Толстой, конечно, человек своей эпохи и своего сословия. К идеям женской эмансипации относился, скорее, насмешливо, чем нейтрально. С точки зрения современных феминисток, ужасный ретроград и мужской шовинист. Но даже если всерьез принять все эти очень узкие и какие-то бесполые суждения и заклеймить создателя «Анны Карениной» и «Крейцеровой сонаты», все равно гнев, горечь, отчаяние Толстого кажутся непонятными и чрезмерными. Уязвлено не просто отцовское чувство. Нанесено оскорбление роду. С другими может твориться всё, что угодно, даже это ужасное, безнравственное питье чая втроем, но только не с дочерью Льва Николаевича Толстого. Он никак не может успокоиться, днем и ночью переживая позорное «падение». Вновь пишет дочери: «Сейчас час ночи… лежу и думаю и более всё об одном: какое-то странное чувство позора, осквернения самого дорогого. И всё ищу, отчего такое чувство. Думаю, что оттого, что вы, обе дочери, как бы признали меня своим и себя моими, так что я особенно живо чувствую ответственность за вас — не скажу перед Богом только, а перед людьми и перед Богом. Кроме того, я так высоко привык ставить вообще женщин, и особенно вас, и особенно тебя, что это ужасное падение совсем ошеломило меня. Как бывает в несчастьях: вспоминаю и содрогаюсь и думаю: да не может быть. Что-нибудь не то. И потом опять вспоминаю, что знаю, вижу доказательства».

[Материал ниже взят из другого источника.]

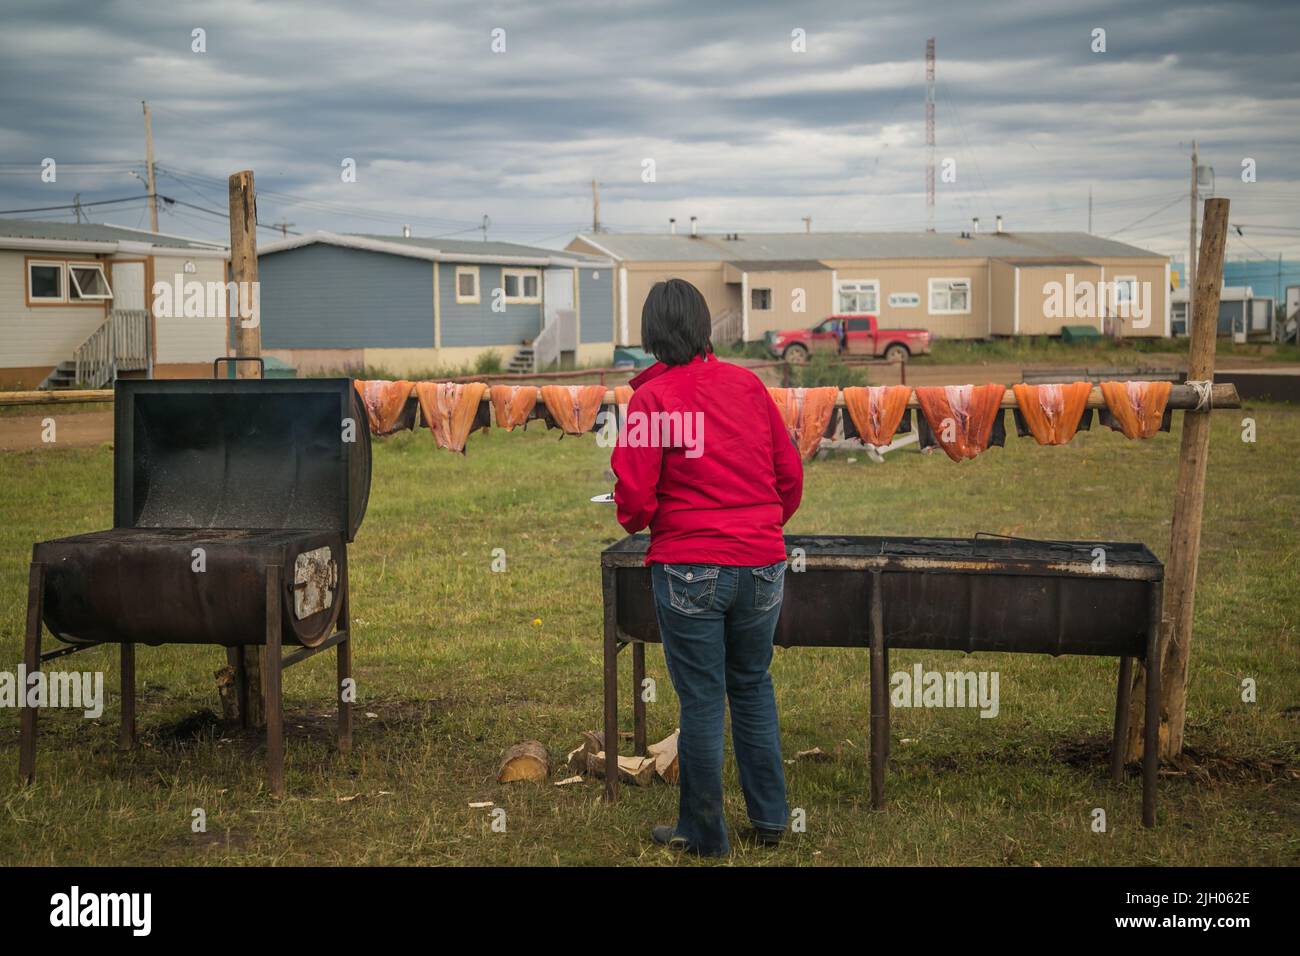 Woman monitoring the fillets of Lake Trout being smoked above fire in the northern Indigenous community of Deline, Northwest Territories, Canada. This Stock Photo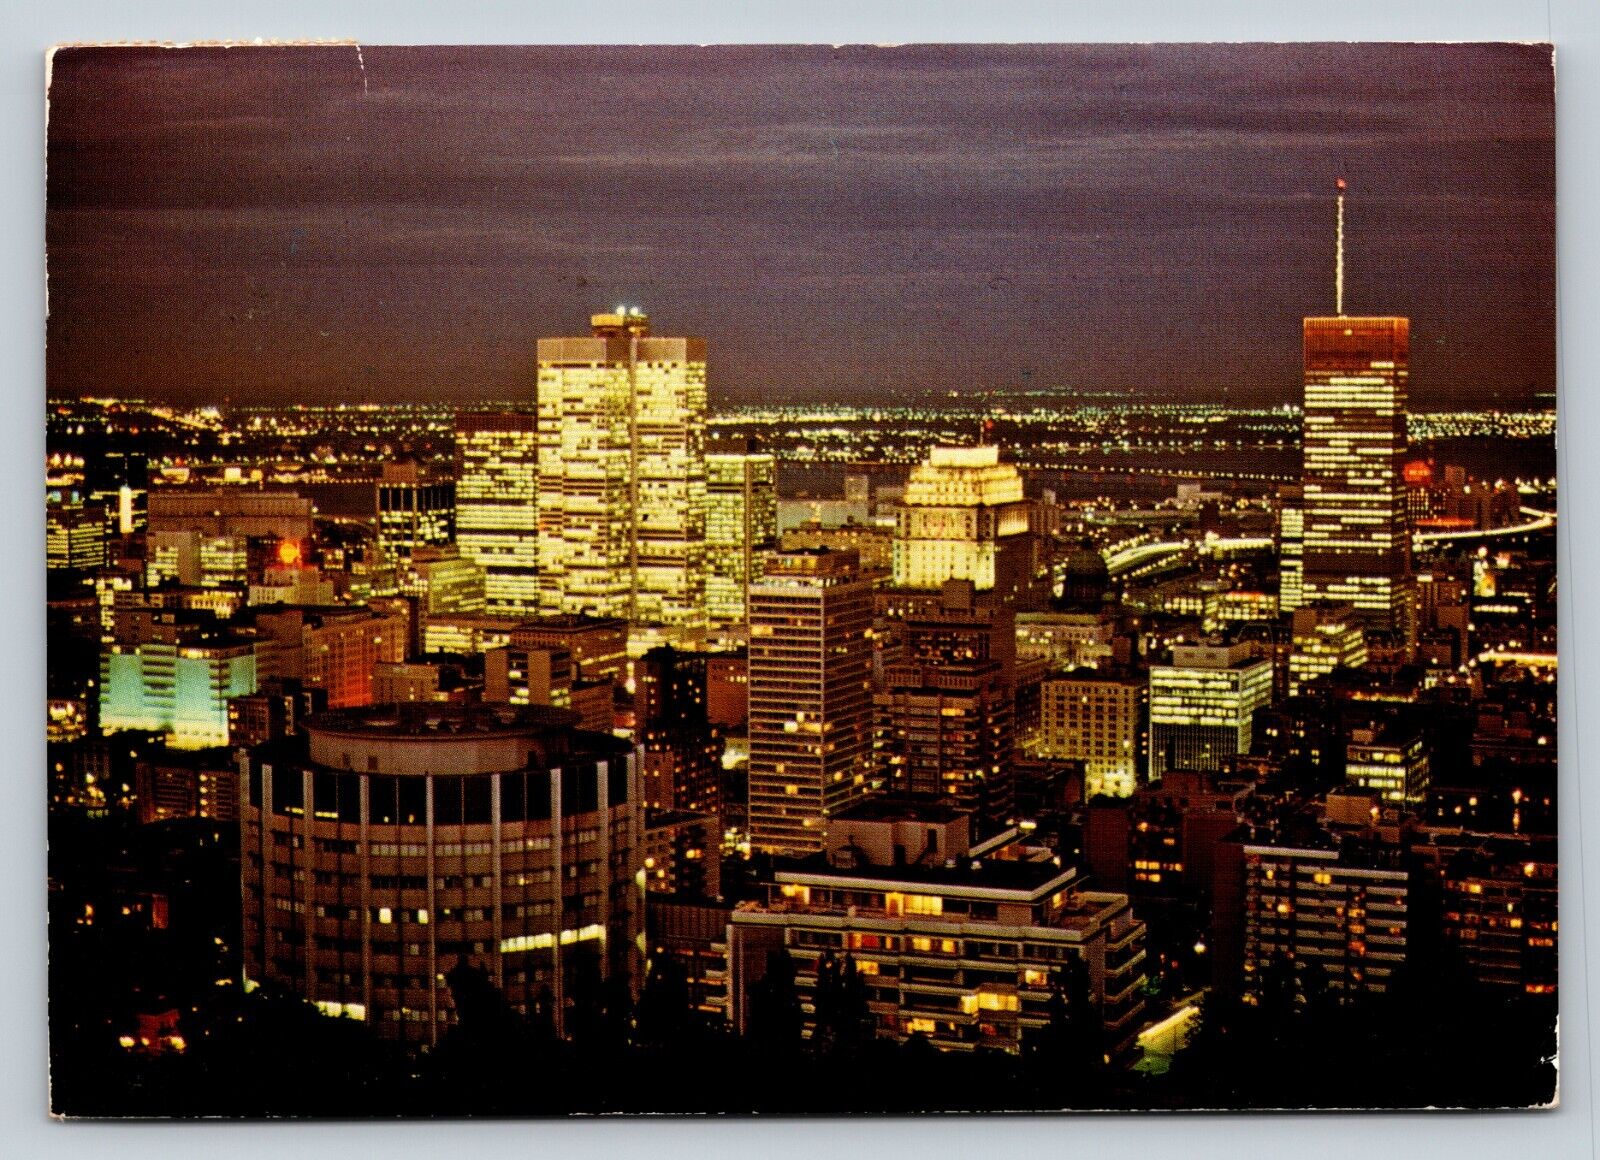 c1981 Aerial Night View of Montreal Quebec Canada 4x6

«Дьявол», нисколько не убоявшись советов Толстого, не дремал, все заговоры против него рушились, и неприятные сюрпризы следовали один за другим. Вдруг состоялась свадьба Марии Львовны и Николая Леонидовича (Колаши) Оболенского, крестника Толстого, сына дочери Марии Николаевны, — брак, так сказать, внутриродовой и мало кого обрадовавший. Колаша заканчивал Московский университет, был малый «приятный», и не больше, Толстой относился к нему более или менее доброжелательно, но с несомненной иронией, а Софья Андреевна с нескрываемым раздражением. О браке Маши Толстой отозвался спокойно, но с разочарованием; жалко было терять дочь, записал в июльском дневнике 1897 года: «Маша вышла замуж, и жалко ее, как жалко высоких кровей лошадь, на которой стали возить воду. Воду она не везет, а ее изорвали и сделали негодной. Что будет. Не могу себе представить. Что-то уродливое, неестественное, как из детей пирожки делать». Дочери Толстой ничего подобного не сказал, видно было, что жалеет ее и грустит, но своих мыслей не высказывал, советов не давал, отстранялся: дочери показалось, что он любит Николая и верит в него. Кажется, Мария Львовна выдает желаемое за действительное или сознательно позволяет себе обмануться мягким тоном отца. В браке он видел «падение» и совершенно не собирался это мнение менять, добавляя довольно двусмысленно в письме к дочери, что радуется тому, что ей жить будет легче, «спустив свои идеалы и на время соединив свои идеалы с своими низшими стремлениями (я разумею детей)». Грустно читать эти нетерпимые, сектантские, невольно высокомерные слова Толстого, адресованные любимой дочери.